▶ _ASSIGNMENT_
The lines to copy run from the one containing "agencja randkowa flower" to the end of the listing. Please write them out exactly, minus the pictures.

▶ _RECORDED DATA_
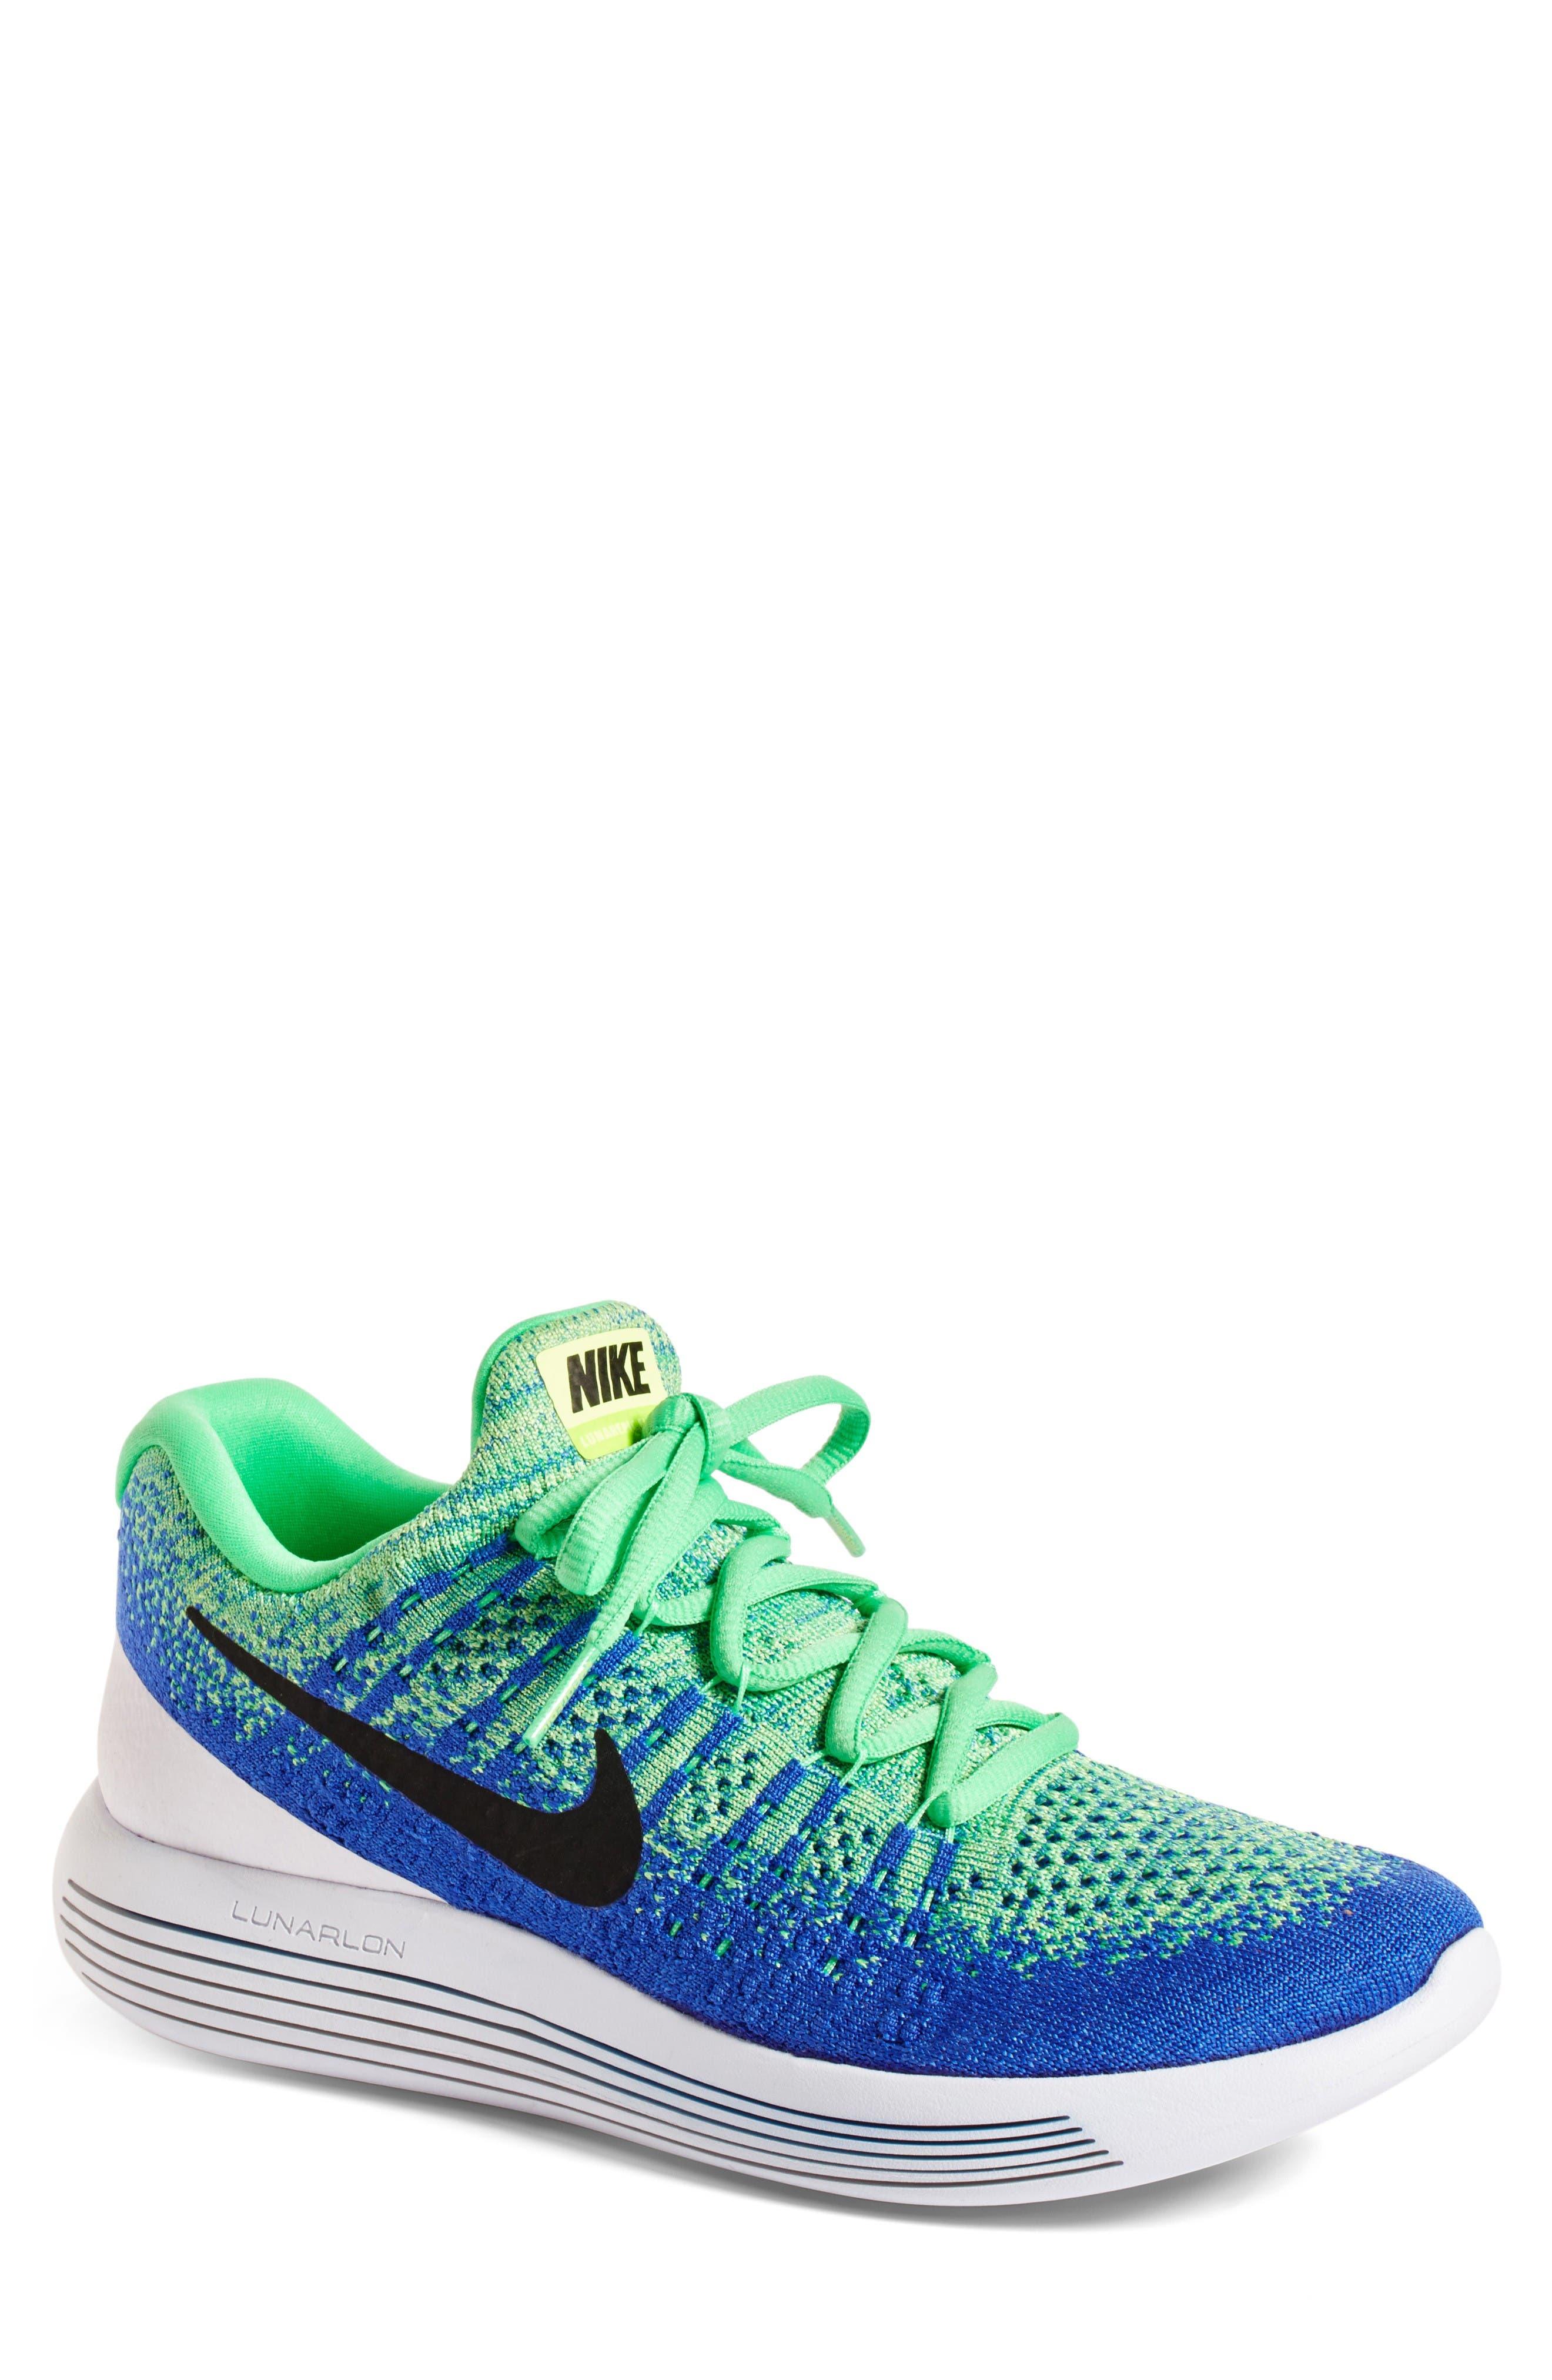 Flyknit 2 LunarEpic Running Shoe,                         Main,                         color, Electro Green/ Black/ Blue
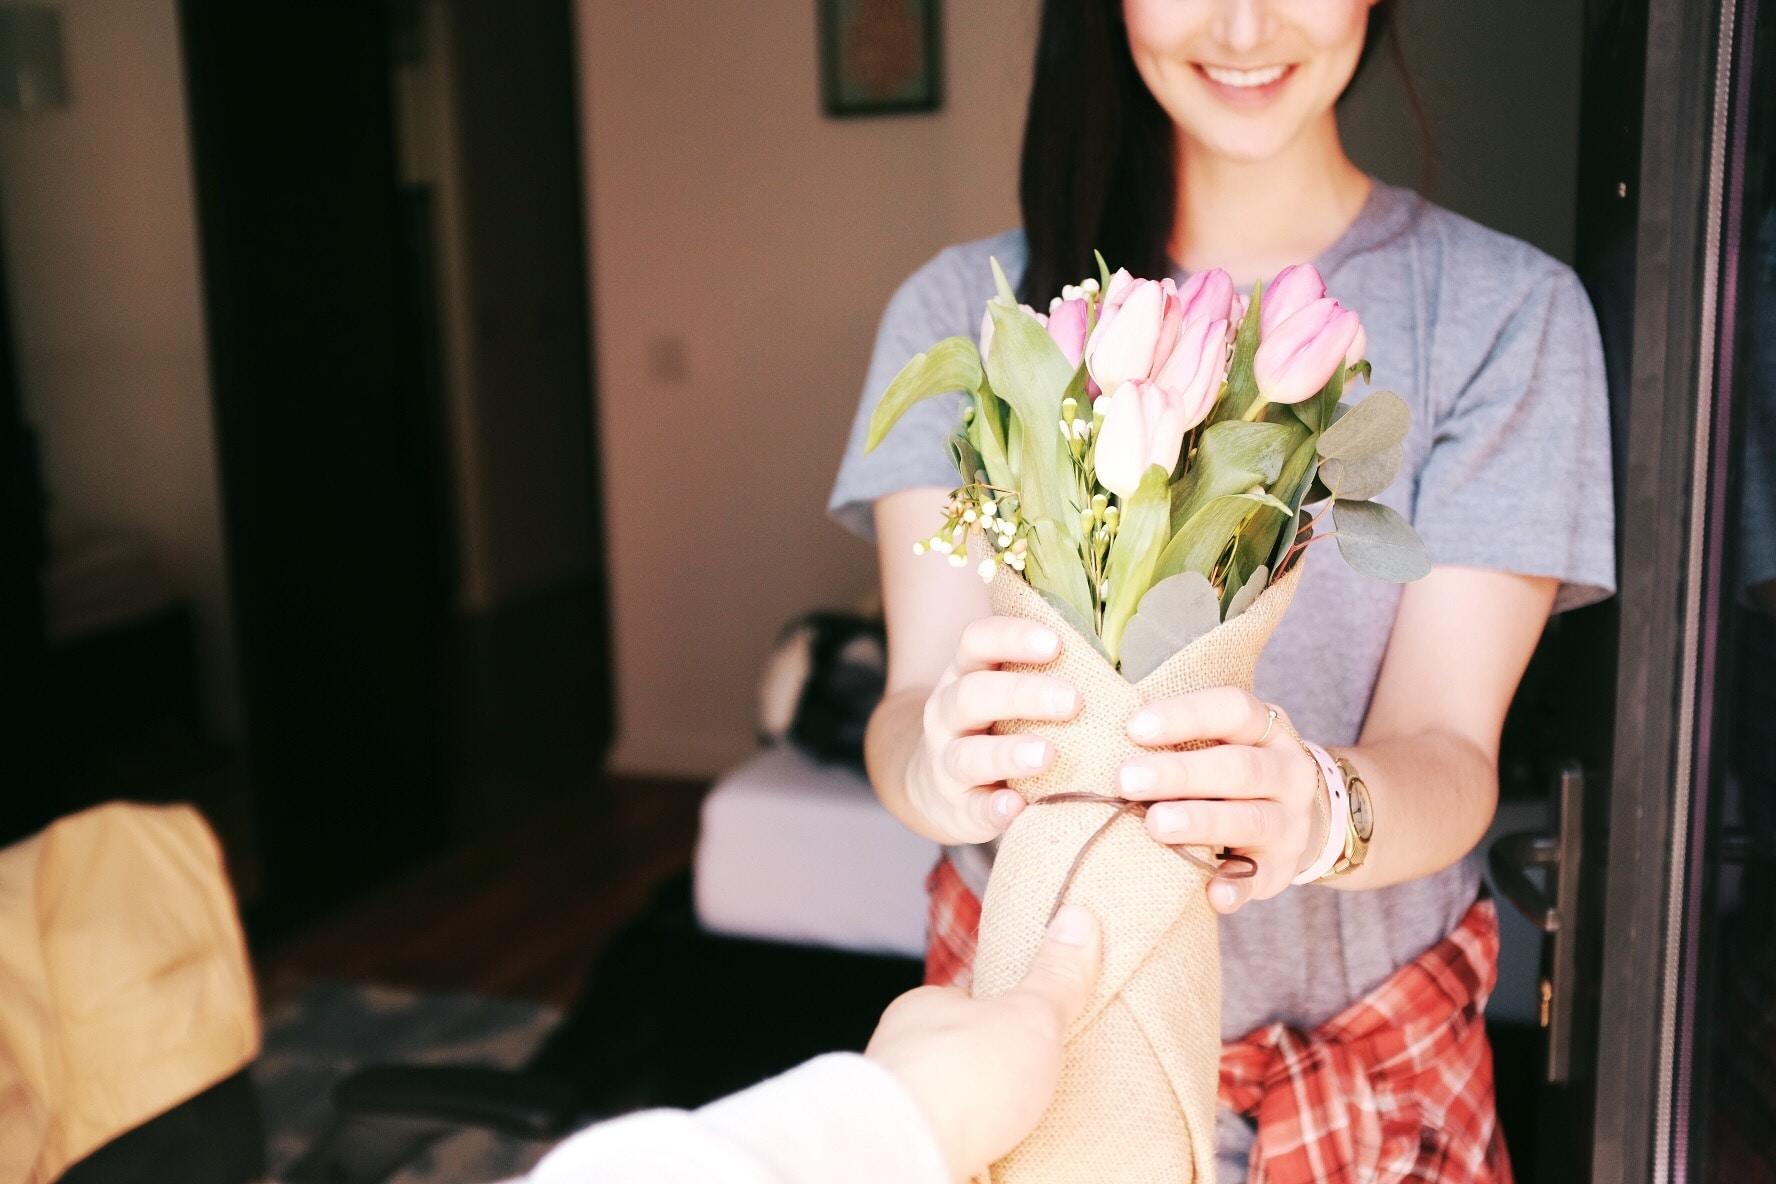 agencja randkowa flower boy 2.bölüm asya fanatikleri
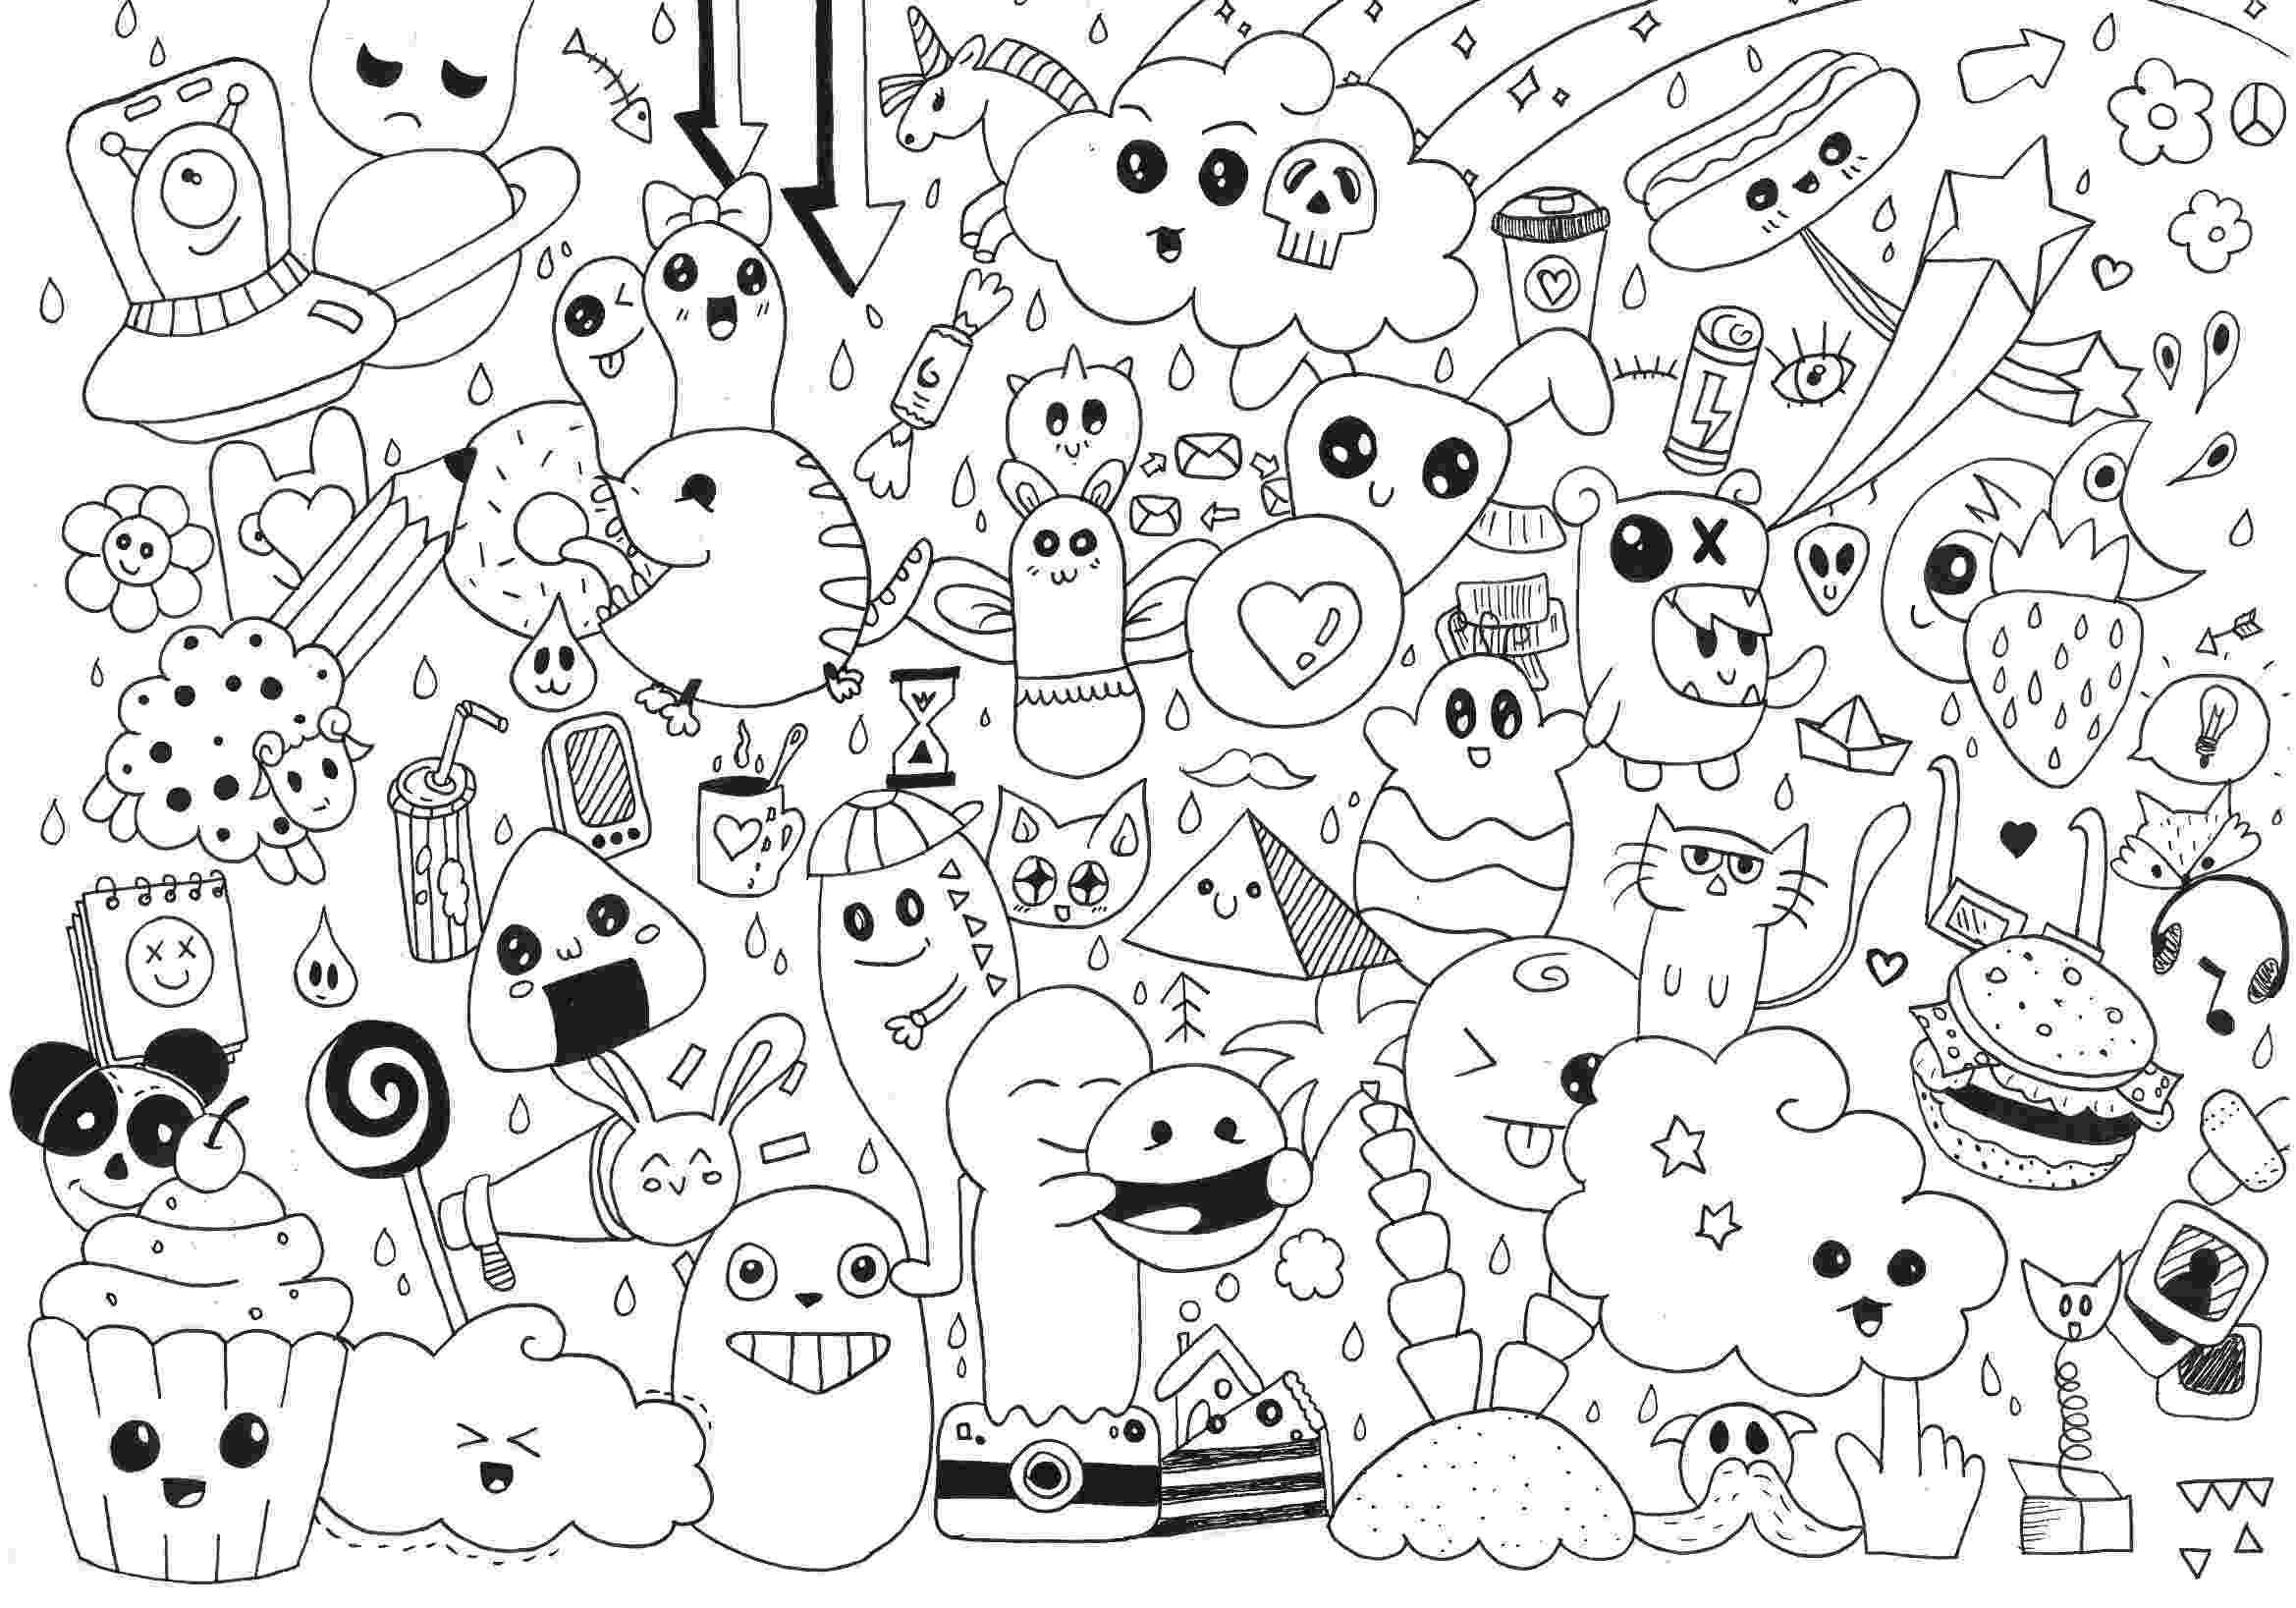 doodle art coloring book adult doodle art doodling 5 coloring pages printable art book coloring doodle

▶ _EXERCISE ANSWER_
 agencja randkowa flower boy 2.bölüm asya fanatikleri
 doodle art coloring book adult doodle art doodling 5 coloring pages printable art book coloring doodle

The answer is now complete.